Each line below must be reproduced exactly as it stands. Pictures stay out of the copy.

DATA:
◇ ◇ ◇ ◇ ◇ ◇ ◇
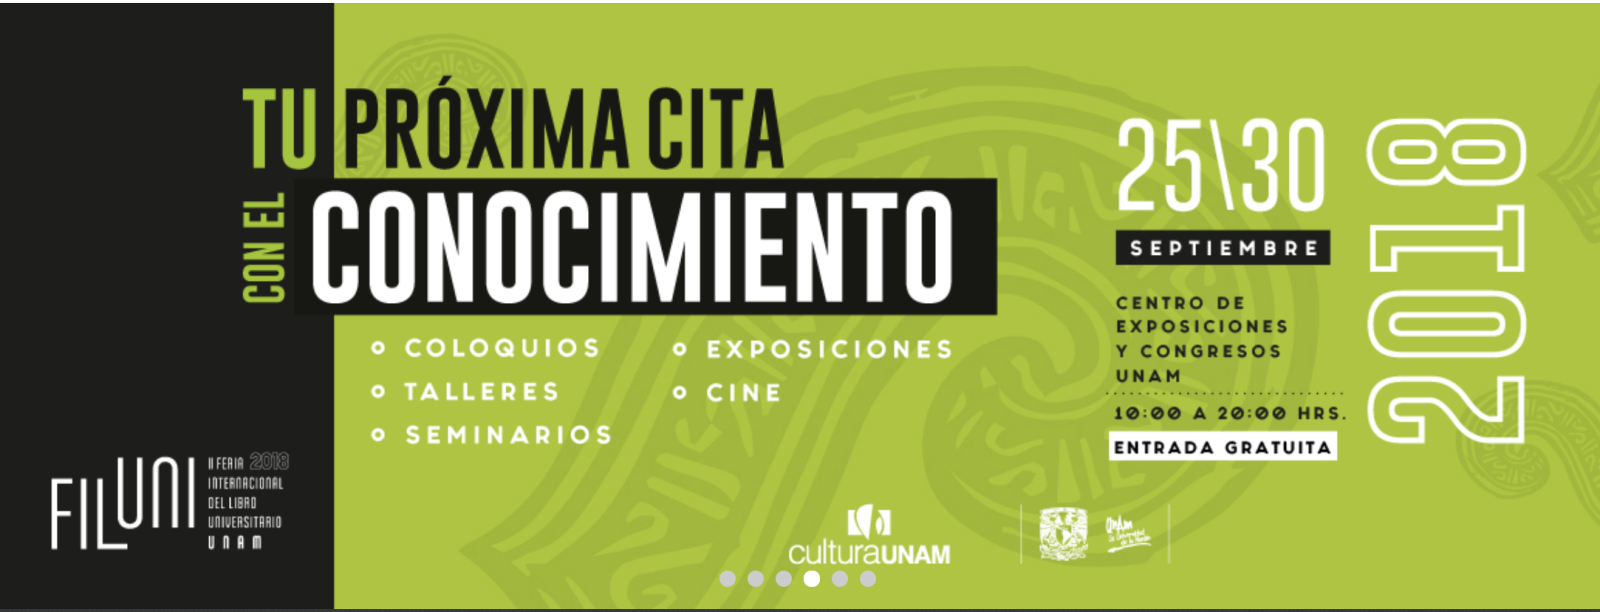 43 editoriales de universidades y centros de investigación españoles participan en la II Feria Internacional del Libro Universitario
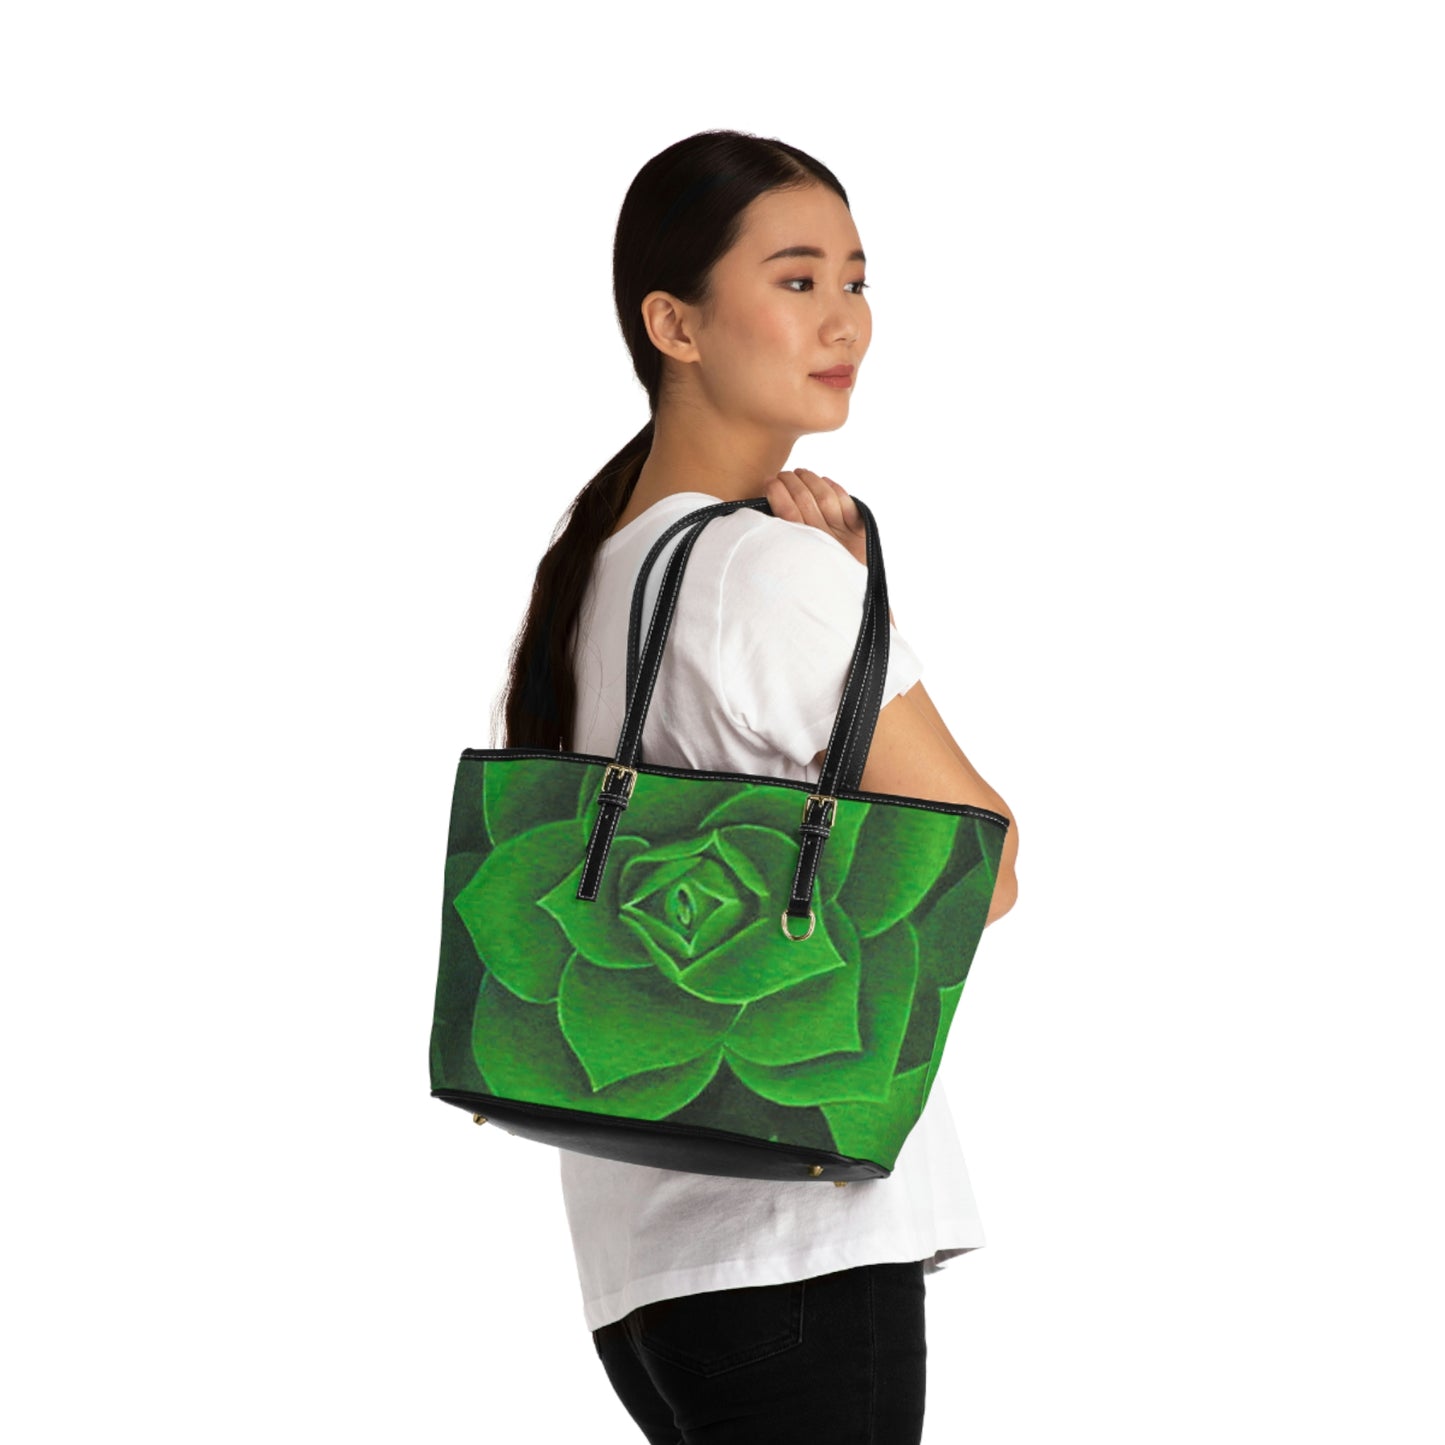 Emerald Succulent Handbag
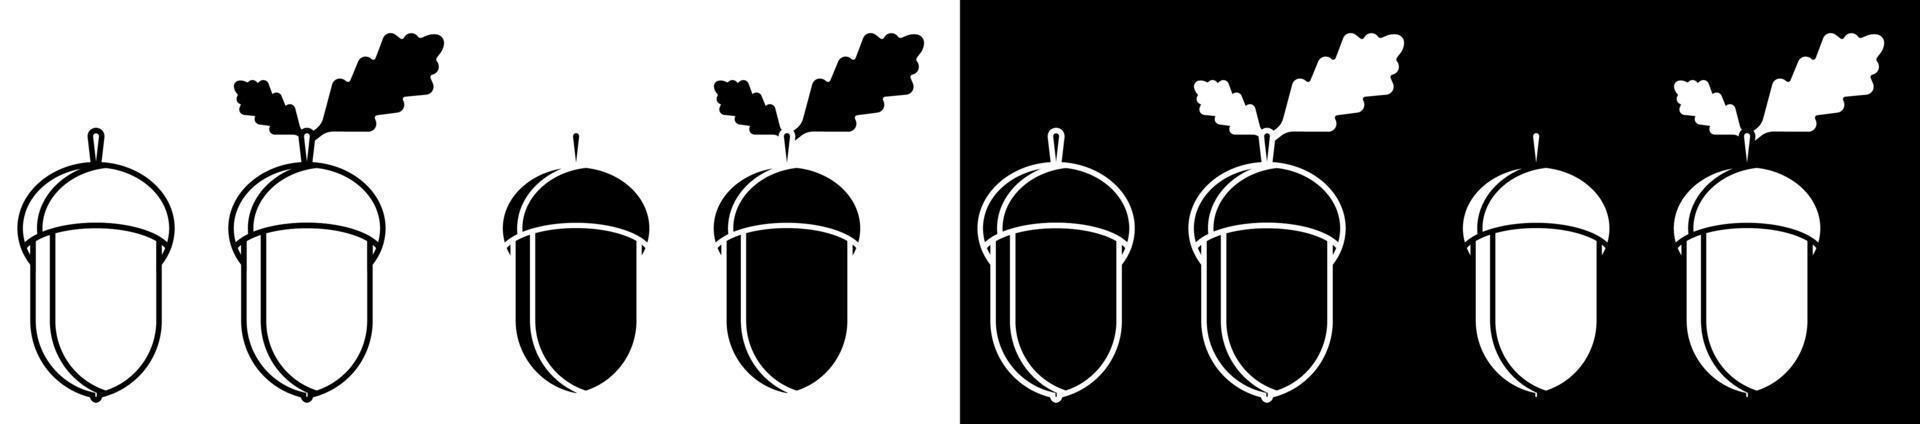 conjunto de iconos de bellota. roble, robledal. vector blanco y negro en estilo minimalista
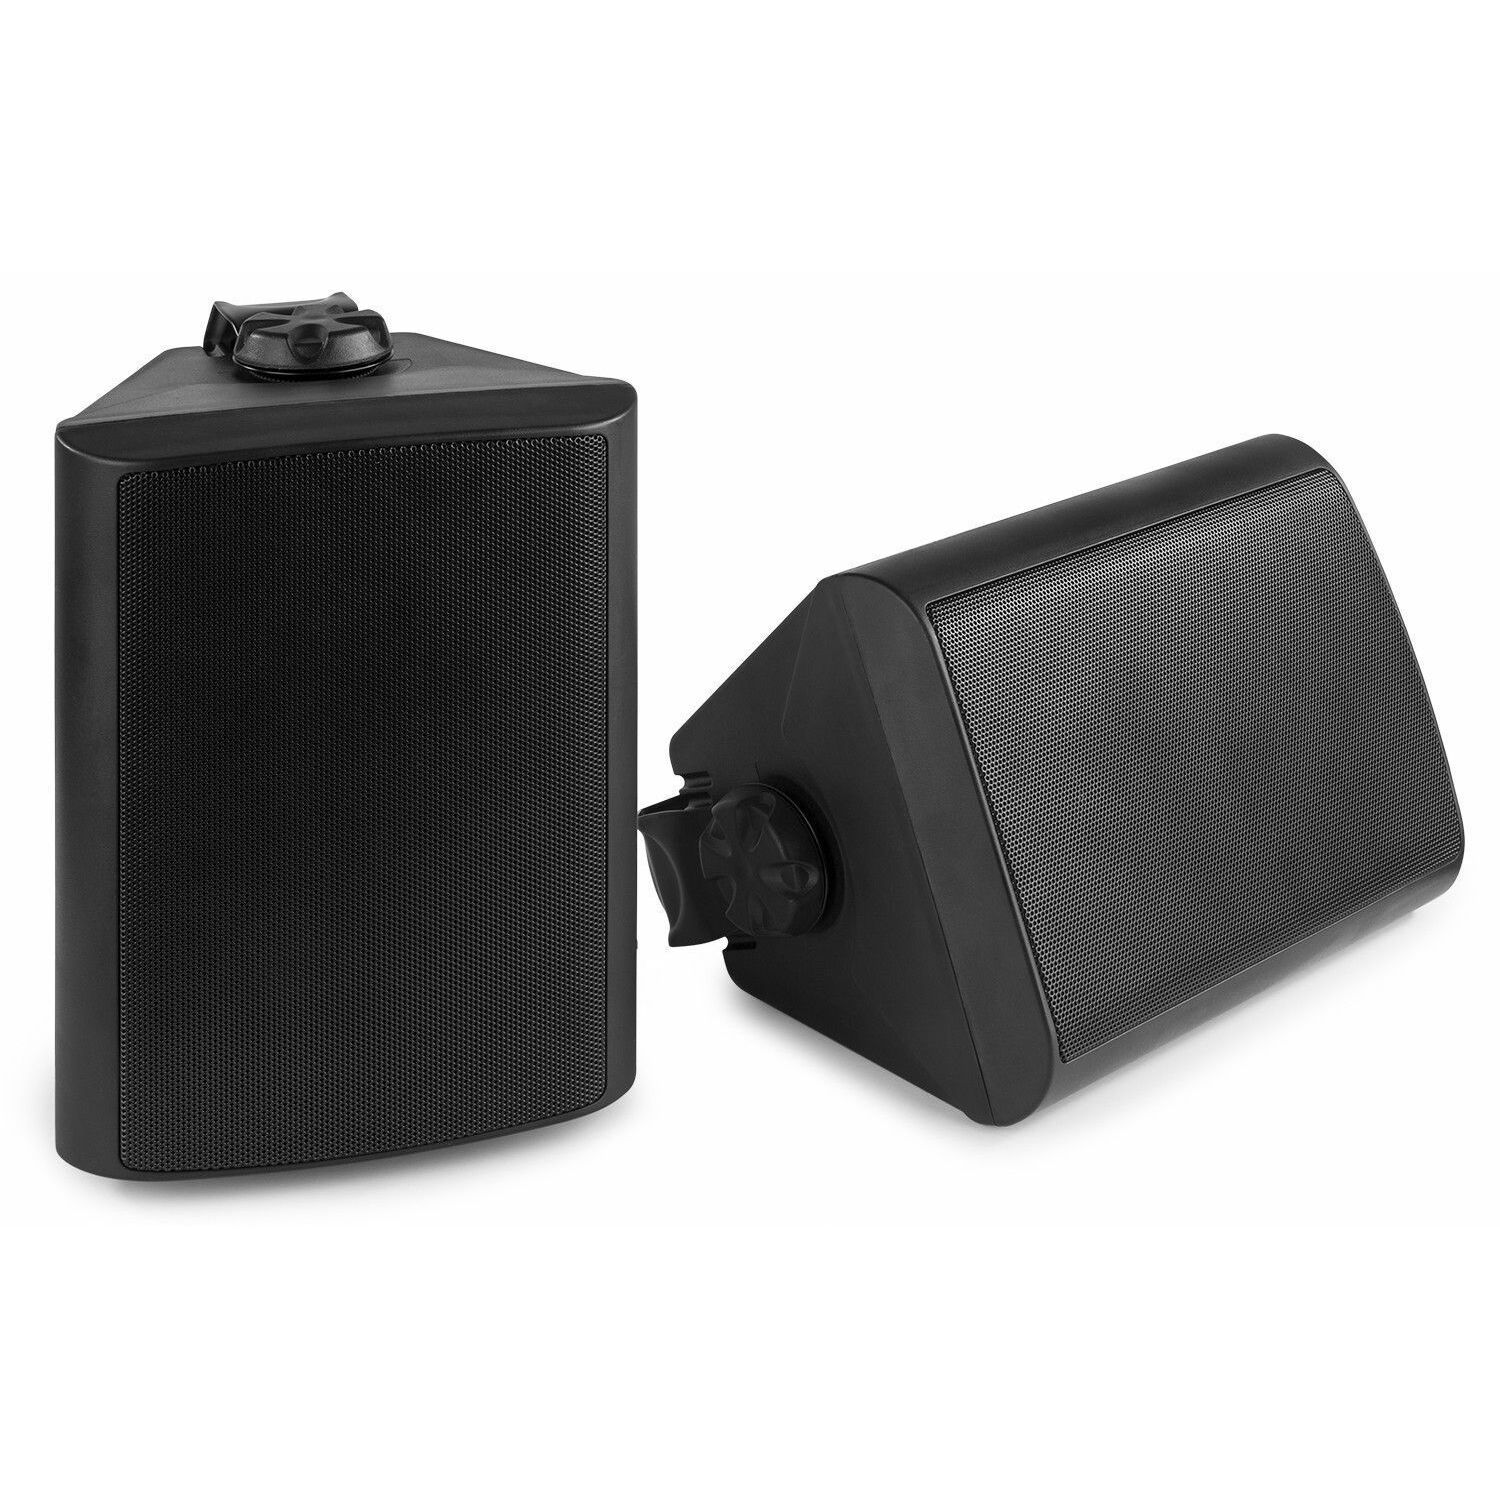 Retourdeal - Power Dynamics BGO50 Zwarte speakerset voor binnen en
◇ ◇ ◇ ◇ ◇ ◇ ◇
TASK SOLUTION:
 43 editoriales de universidades y centros de investigación españoles participan en la II Feria Internacional del Libro Universitario
 Emerald Succulent Handbag
 conjunto de iconos de bellota. roble, robledal. vector blanco y negro en estilo minimalista
 Retourdeal - Power Dynamics BGO50 Zwarte speakerset voor binnen en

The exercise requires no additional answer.